Norvirus Sickens 60 at Illinois Retirement Home

An emerging <"">norovirus outbreak has sickened over 60 people and reports continue to come in. Residents and staff have been stricken with Norovirus at a retirement home, according to health officials, wrote The Chicago Sun Times. North Shore Hotel is located at 1611 Chicago Avenue in Evanston and reports of illness began surfacing March 19, said a release from the Evanston’s Health Department.

The health department is collecting samples to confirm emerging cases and the North Shore Hotel hired extra cleaning staff to clean and sanitize surfaces, which is one pathway for the virus to congregate and be passed, according to the health department’s press release, wrote the Sun times.

Norovirus outbreaks occur frequently in closed populations, such as in retirement and health facilities, and are a group of viruses that cause swelling in the linings of both the stomach and intestines, according to the U.S. Centers for Disease Control and Prevention (CDC). A highly contagious, severe gastrointestinal illness commonly referred to as the so-called “stomach flu,” Norovirus spreads quickly because it transmits easily through the vomit and feces of people sick with the illness. Contact with only a few particles can make a person ill. In nursing home and hospital settings, outbreaks occur quickly due to shared bathroom and dining facilities, and incontinence hygiene issues.

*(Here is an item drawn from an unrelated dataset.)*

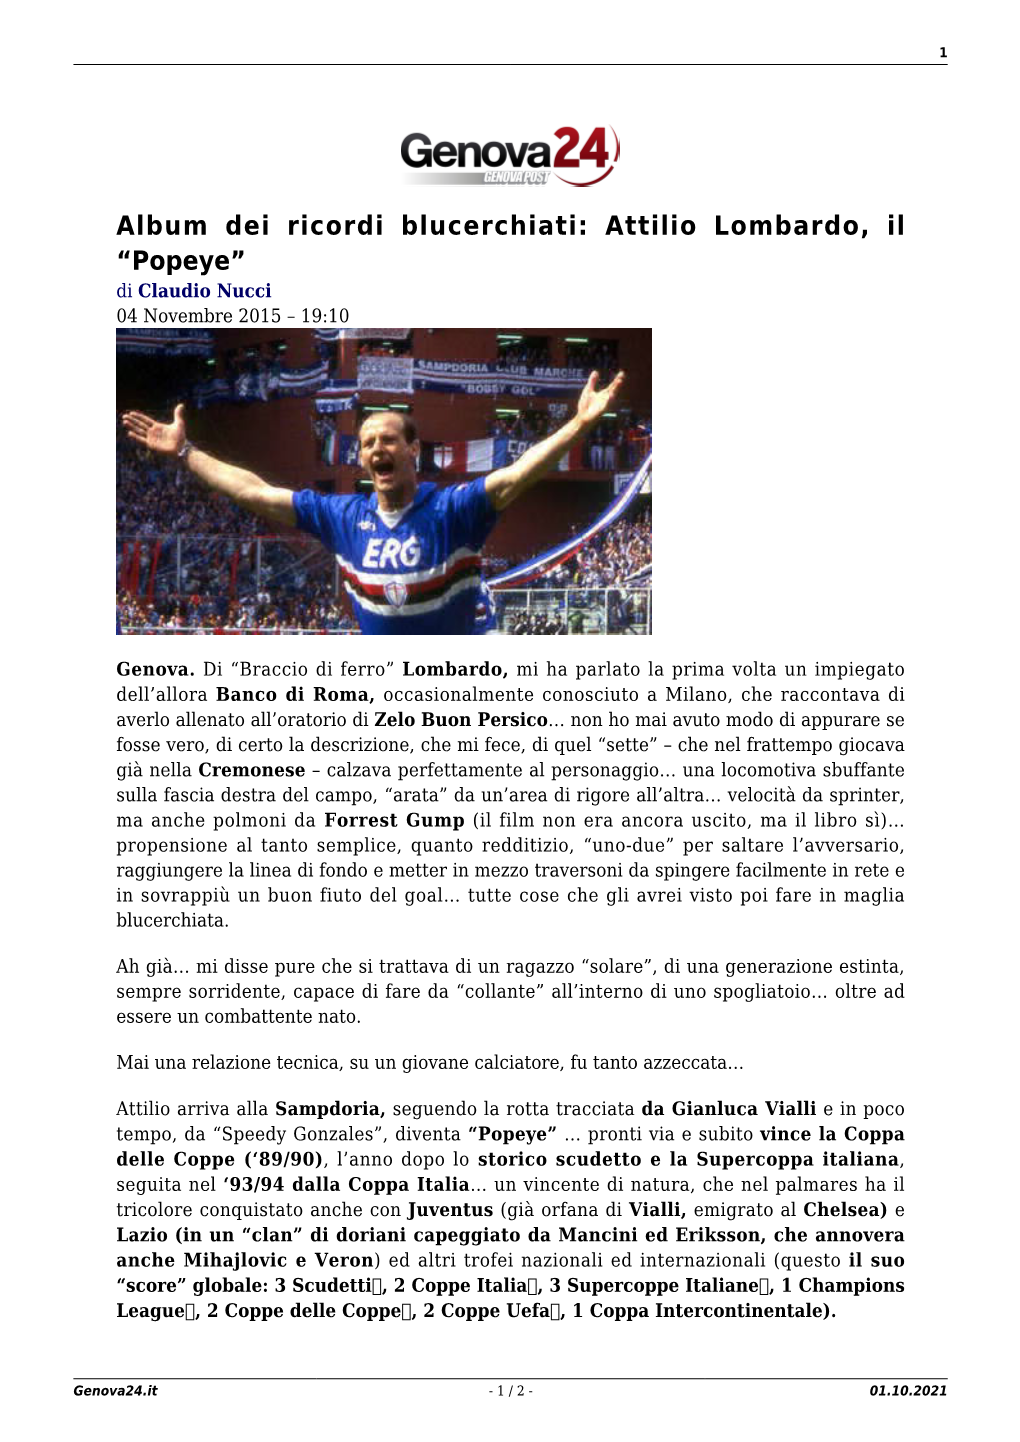 Attilio Lombardo, Il “Popeye” Di Claudio Nucci 04 Novembre 2015 – 19:10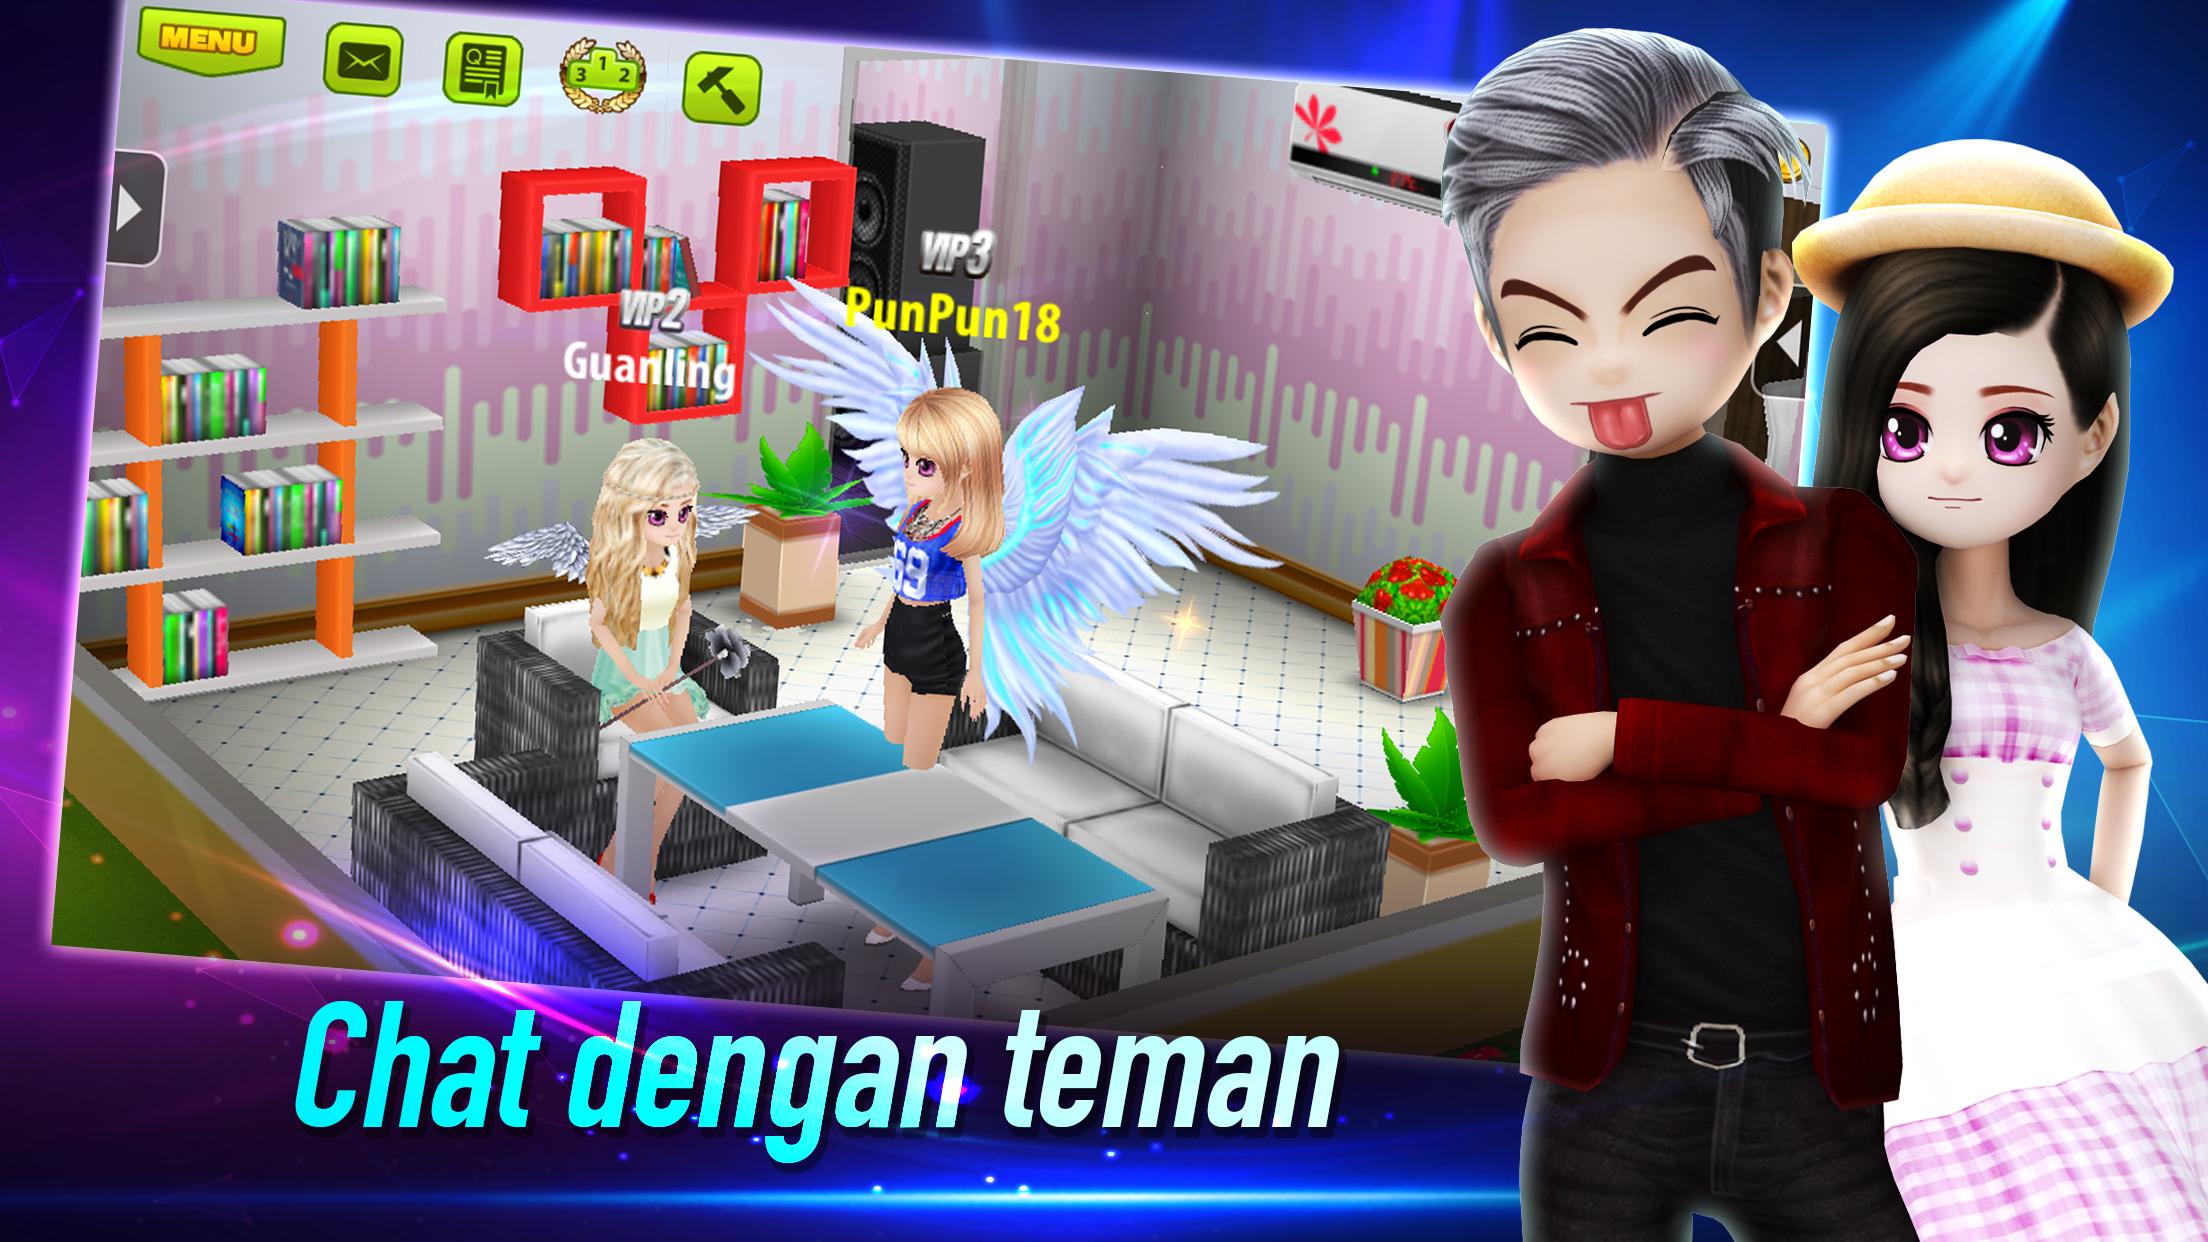 AVATAR MUSIK INDONESIA - Social Dancing Game 1.0.1 Screenshot 21

Although not considered as dangerous as the flu, facilities must be fully sanitized since the virus moves quickly. Norovirus, which can survive for weeks on surfaces at room temperature, can be difficult to eliminate, and can only be killed with chorine bleach. Alcohol-based hand sanitizers and other preparations are not too helpful. People are generally considered to be contagious from when they feel ill to about three days after their symptoms subside; however, the virus can still be active in their vomit or stool for two weeks or more.

The Sun Times notes that no vaccine exists to prevent or treat Norovirus infection. The health department recommends that people wash hands with soap and warm water for at least 20 seconds and cautions that those who feel ill refrain from preparing foods. Also, said the health department, surfaces should be cleaned and sanitized and laundry should be completely washed and dried in a machine using heat, wrote The Sun Times.

People become infected by eating contaminated food or drinking liquids; touching contaminated surfaces or objects, and then placing their hand in their mouth; and having direct contact with an infected person. Once infected, people may feel very sick and vomit many times a day. Sometimes people are unable to drink enough liquids to replenish the liquids lost due to vomiting and diarrhea and can become dehydrated and require special medical attention.

According to the CDC, symptoms also include “diarrhea, and some stomach cramping. Sometimes people also have a low-grade fever, chills, headache, muscle aches, and a general sense of tiredness. The illness often begins suddenly, and the infected person may feel very sick. In most people the illness is self-limiting, with symptoms” lasting just one or days. Diarrhea tends to afflict children and vomiting is typically found in adults. Symptoms can present anywhere from 12 hours to a couple of days.